Asia shares sink on recession fears
Stocks fell in Asia on Friday amid fears of an economic downturn as monetary policy tightens to fight high inflation.
Japanese shares slid about 2%, but China and Hong Kong managed to buck the regional trend with a steady open. US equity futures stabilised and made modest gains after the S&P 500 closed at its lowest since December 2020.
Treasuries extended a period of marked volatility, lifting the 10-year yield to about 3.27%. The dollar bounced from its worst two-day drop since 2020.
Markets are rounding off a week buffeted by interest-rate increases, including the Federal Reserve’s biggest move since 1994, a shock Swiss National Bank hike that energized the franc and the latest boost in UK borrowing costs.

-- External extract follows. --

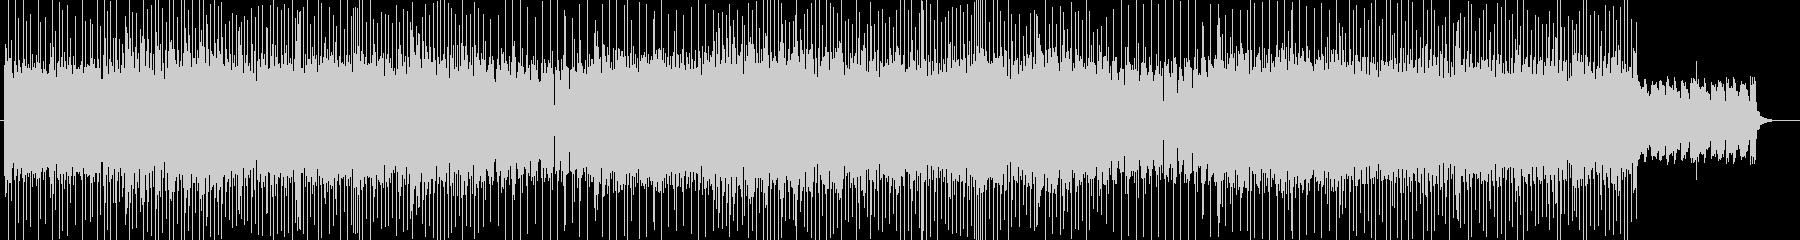 「HR/HM」「POWER」BGM275の未再生の波形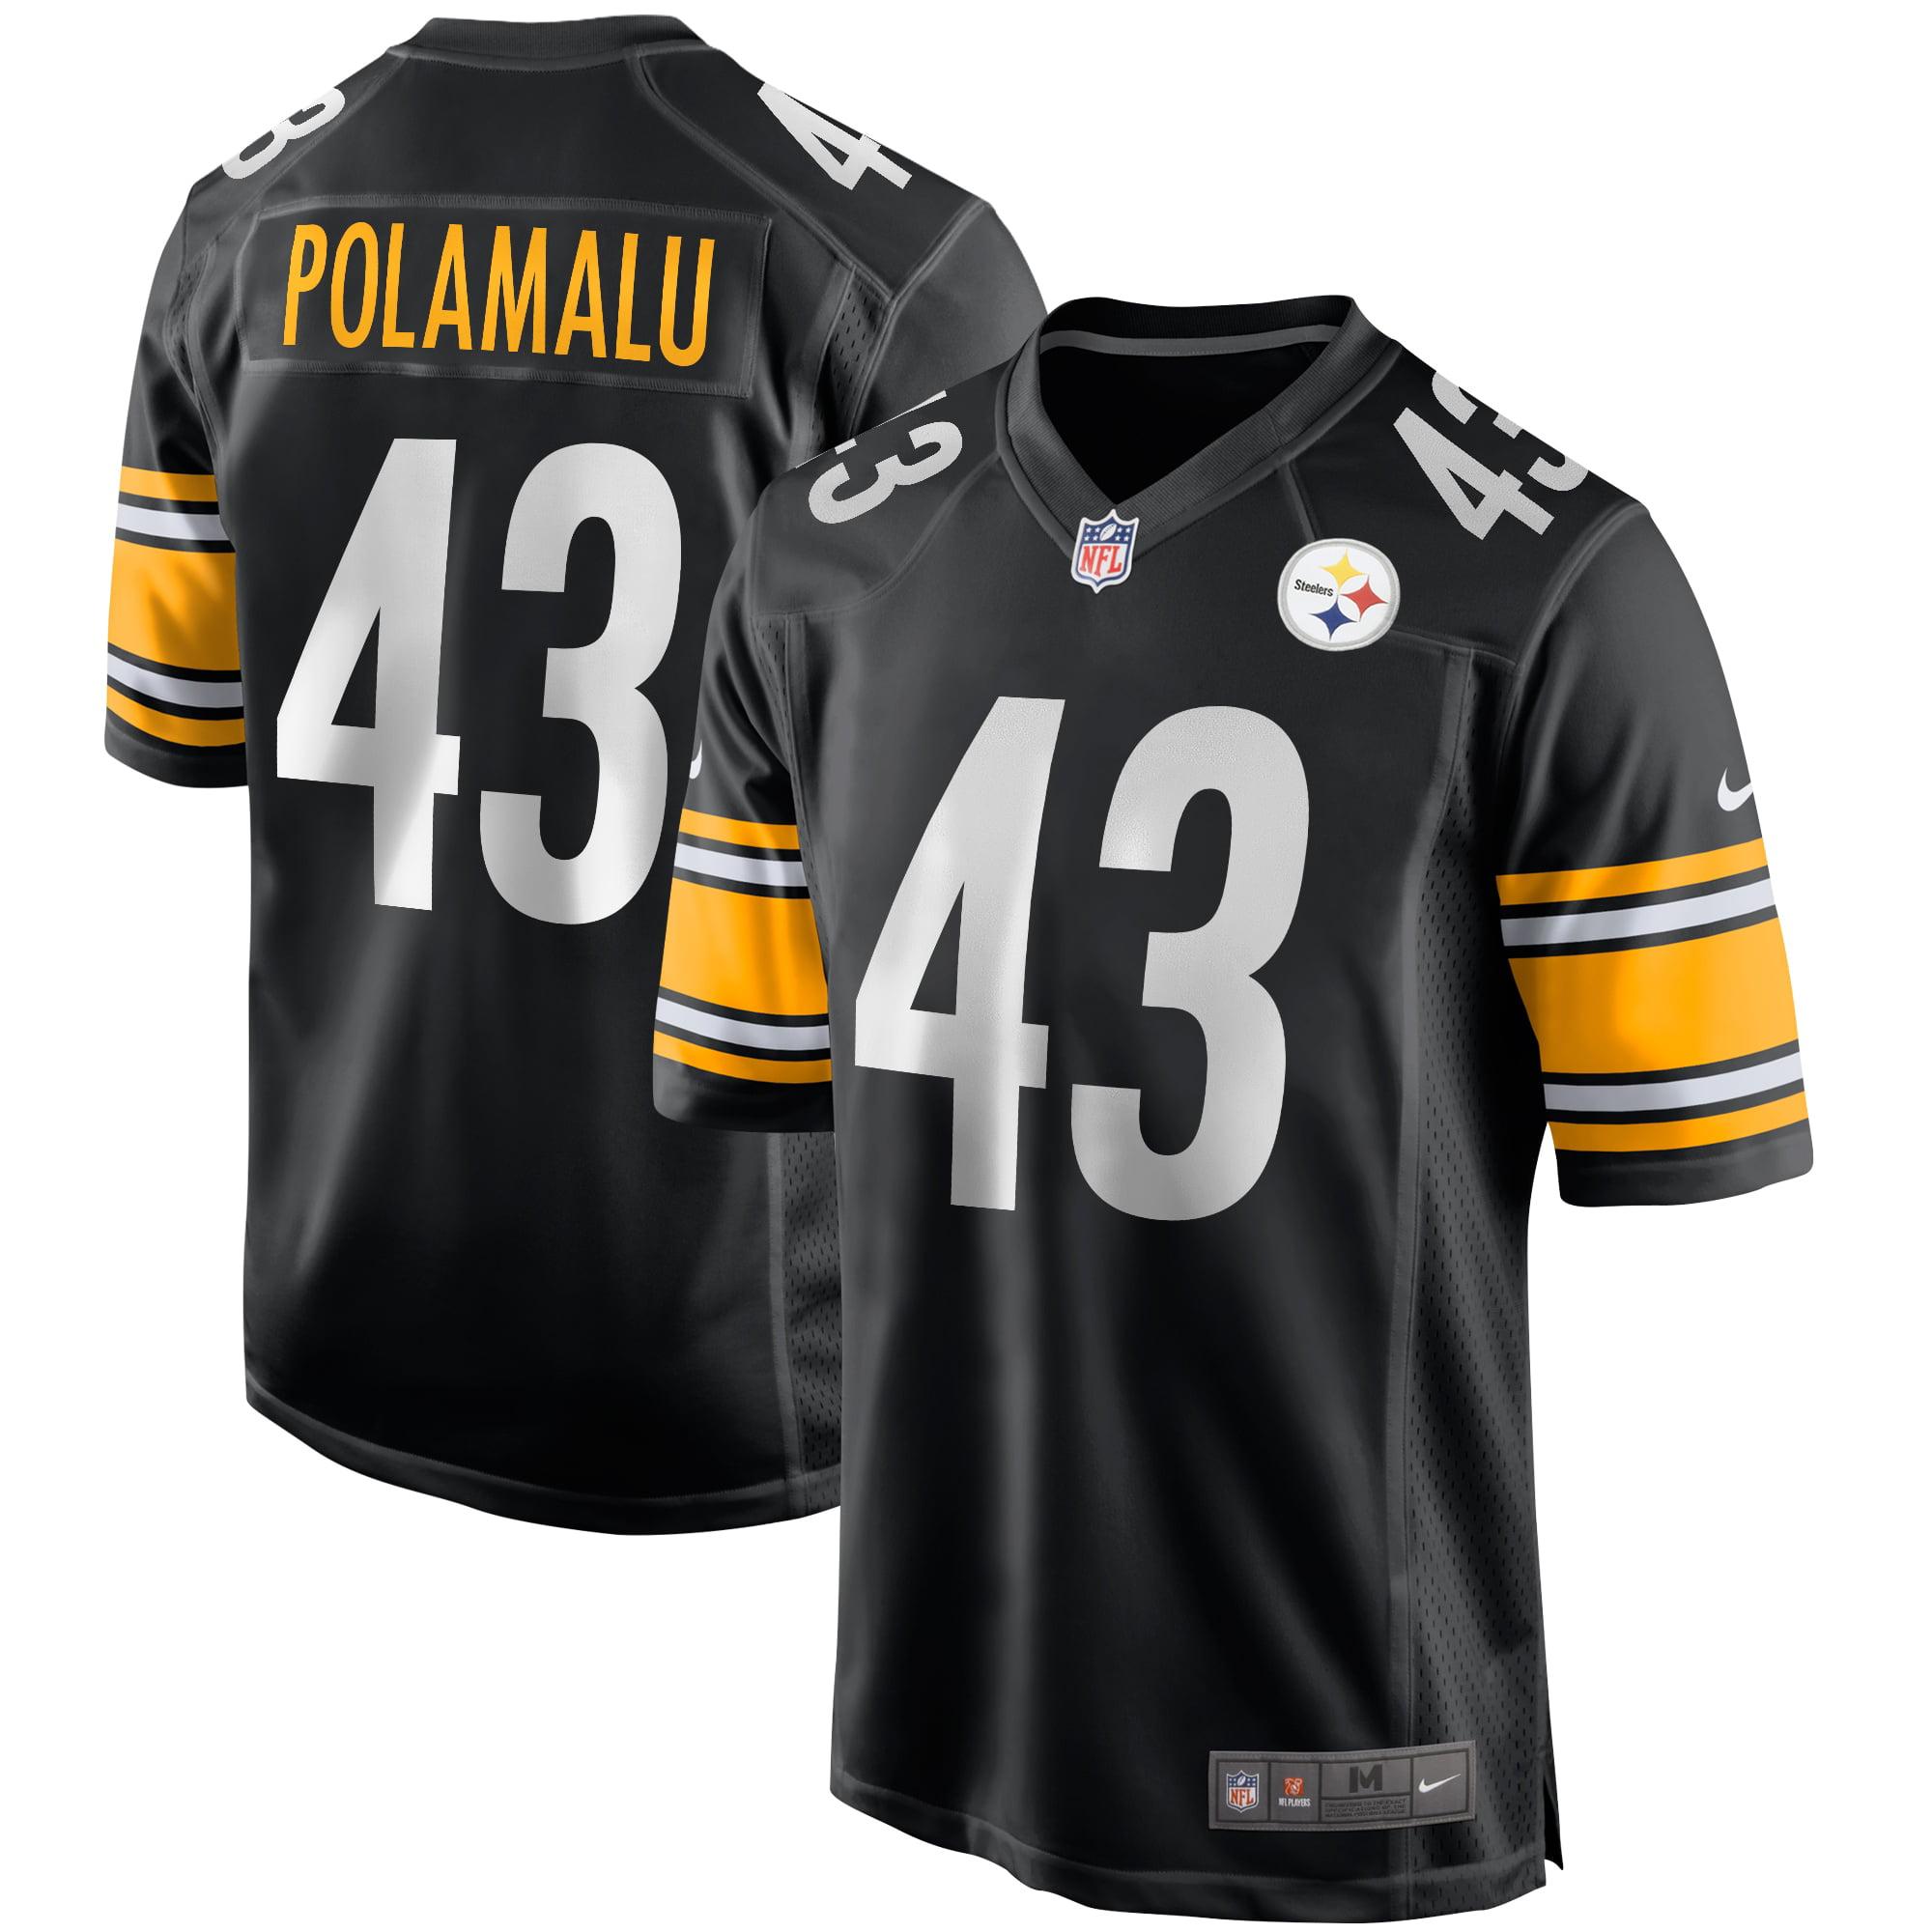 Troy Polamalu Pittsburgh Steelers Nike Game Retired Player Jersey - Black

S&P 500 futures rose 0.5% and Nasdaq 100 futures increased 0.6%. Euro Stoxx 50 futures dipped 0.2%.
Japan’s Topix index was down 2.1%, Australia’s S&P/ASX 200 dropped 2.3%, South Korea’s Kospi retreated 0.9%, Hong Kong’s Hang Seng index added 0.5%, and China’s Shanghai Composite fell 0.1%.
Overnight, stocks tumbled on Wall Street as worries roared back to the fore that the world’s fragile economy may buckle under higher interest rates.
The S&P 500 fell 3.3% in a widespread rout, the Dow Jones Industrial Average lost 2.4% and was briefly down more than 900 points, while the Nasdaq composite sank 4.1%. It was the sixth loss for the S&P 500 in its last seven tries, and all but 3% of the stocks in the index dropped.